In 2005, HEI issued an aggregate of 28,200 shares of unregistered common stock pursuant to the HEI 1990 Nonemployee Director Stock Plan, as amended and restated effective March 8, 2005 (the HEI Nonemployee Director Plan). Under the HEI Nonemployee Director Plan, each HEI nonemployee director receives, in addition to an annual cash retainer, an annual stock grant of 1,400 shares of HEI common stock (2,000 shares for the first time grant to a new HEI director) and each nonemployee subsidiary director who is not also an HEI nonemployee director receives an annual stock grant of 1,000 shares of HEI common stock (600 shares for the first time grant to a new subsidiary director). The HEI Nonemployee Director Plan is currently the only plan for nonemployee directors and provides for annual stock grants (described above) and annual cash retainers for nonemployee directors of HEI and its subsidiaries.
In 2004, HEI issued an aggregate of 18,800 shares (split-adjusted) of unregistered common stock pursuant to the HEI 1990 Nonemployee Director Stock Plan, as amended and restated effective April 20, 2004 (the HEI Nonemployee Director Plan).

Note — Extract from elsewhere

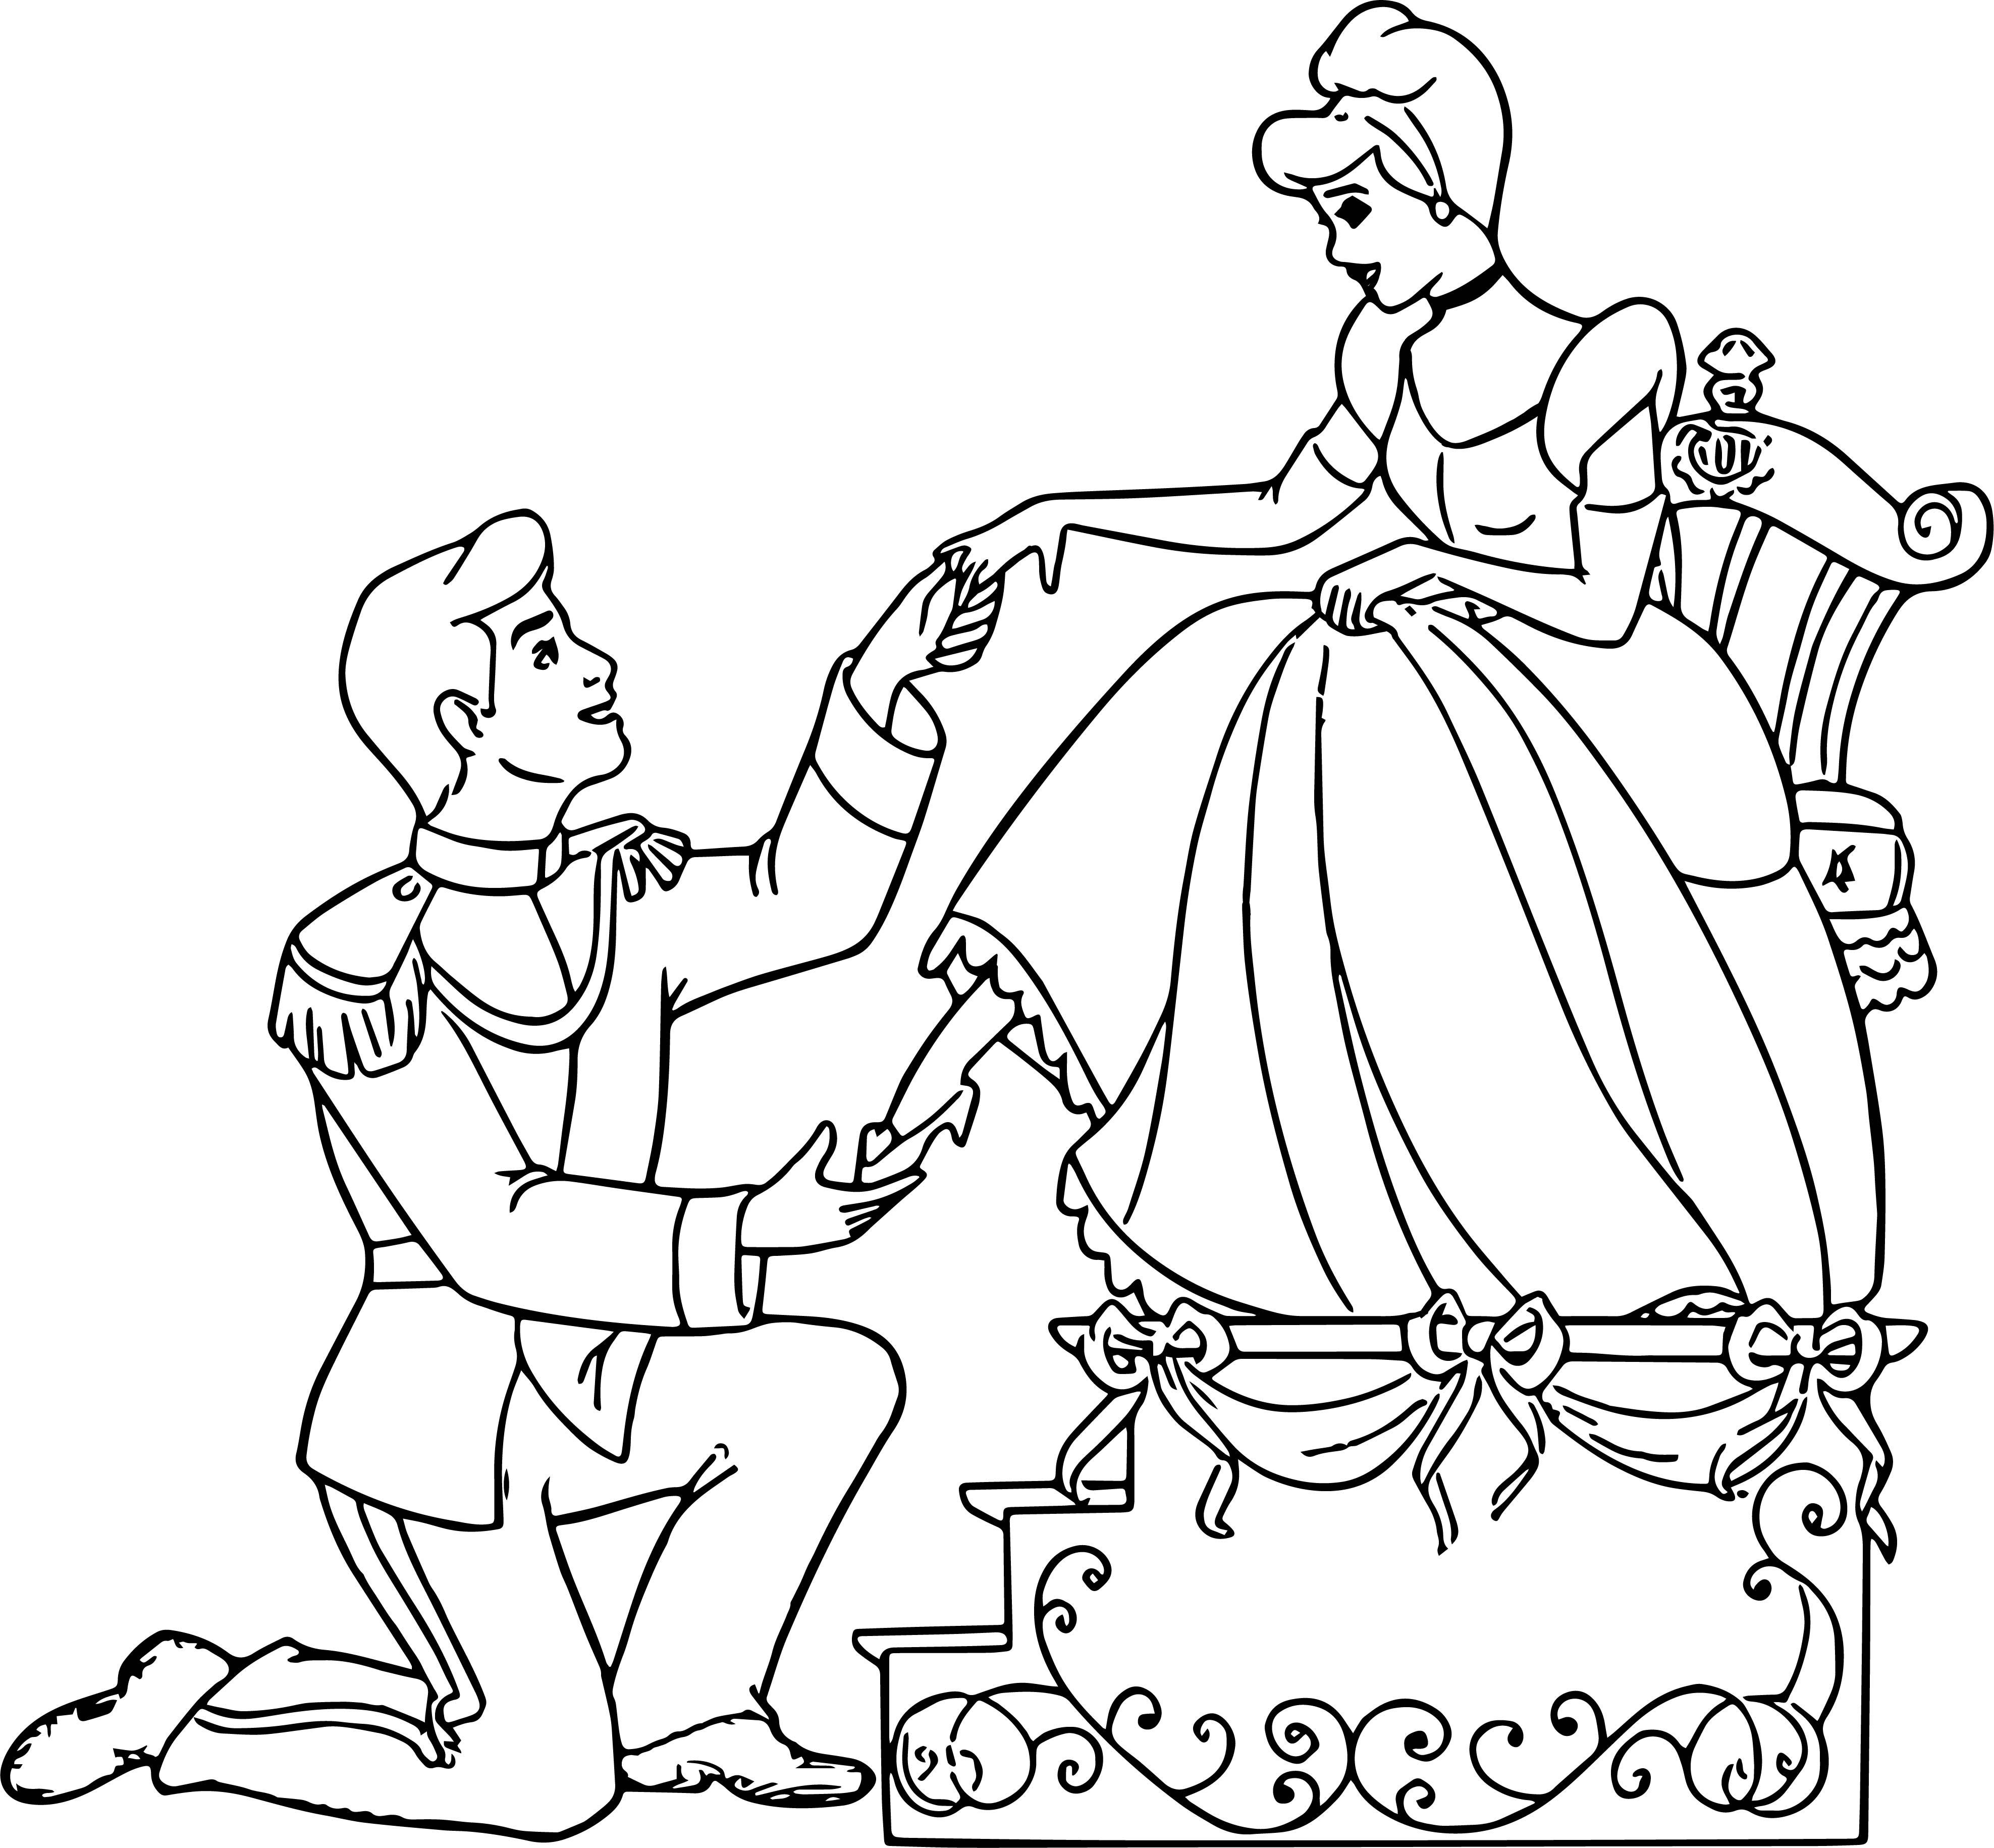 Tranh tô màu công chúa lọ lem đơn giản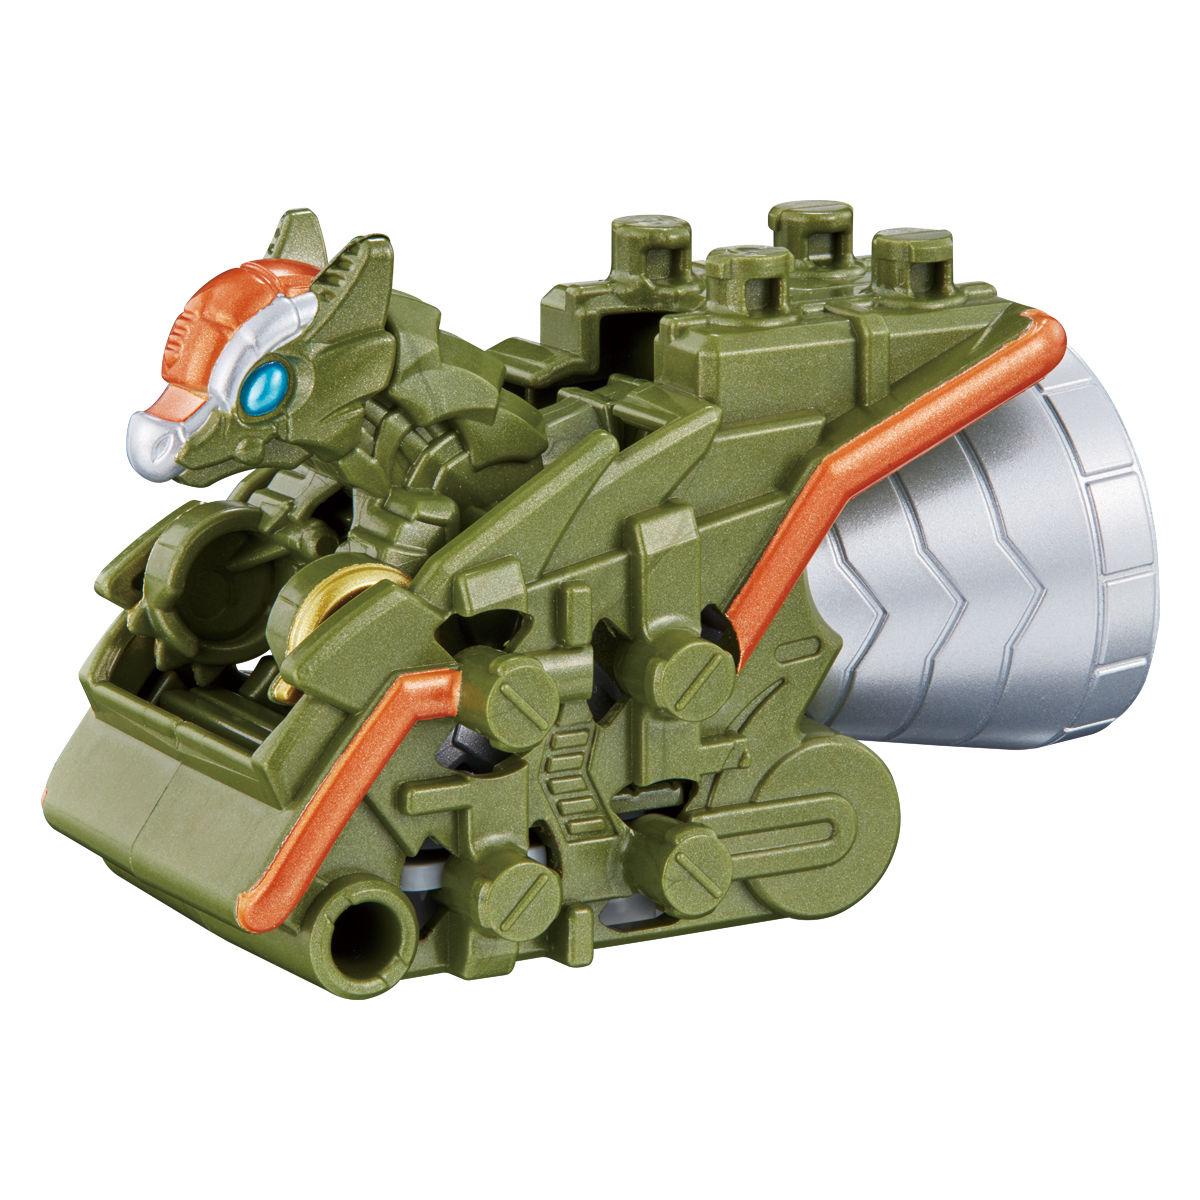 騎士竜戦隊リュウソウジャー『騎士竜シリーズ10 DXパキガルー』可変可動フィギュア-004

In 2003, HEI issued an aggregate of 16,200 shares (split-adjusted) of unregistered common stock pursuant to the HEI 1990 Nonemployee Director Stock Plan, as amended and restated effective May 1, 2002 (the HEI Nonemployee Director Plan).
HEI did not register the shares issued under the director stock plan since their issuance did not involve a sale as defined under Section 2(3) of the Securities Act of 1933, as amended. Participation by nonemployee directors of HEI and subsidiaries in the director stock plans is mandatory and thus does not involve an investment decision.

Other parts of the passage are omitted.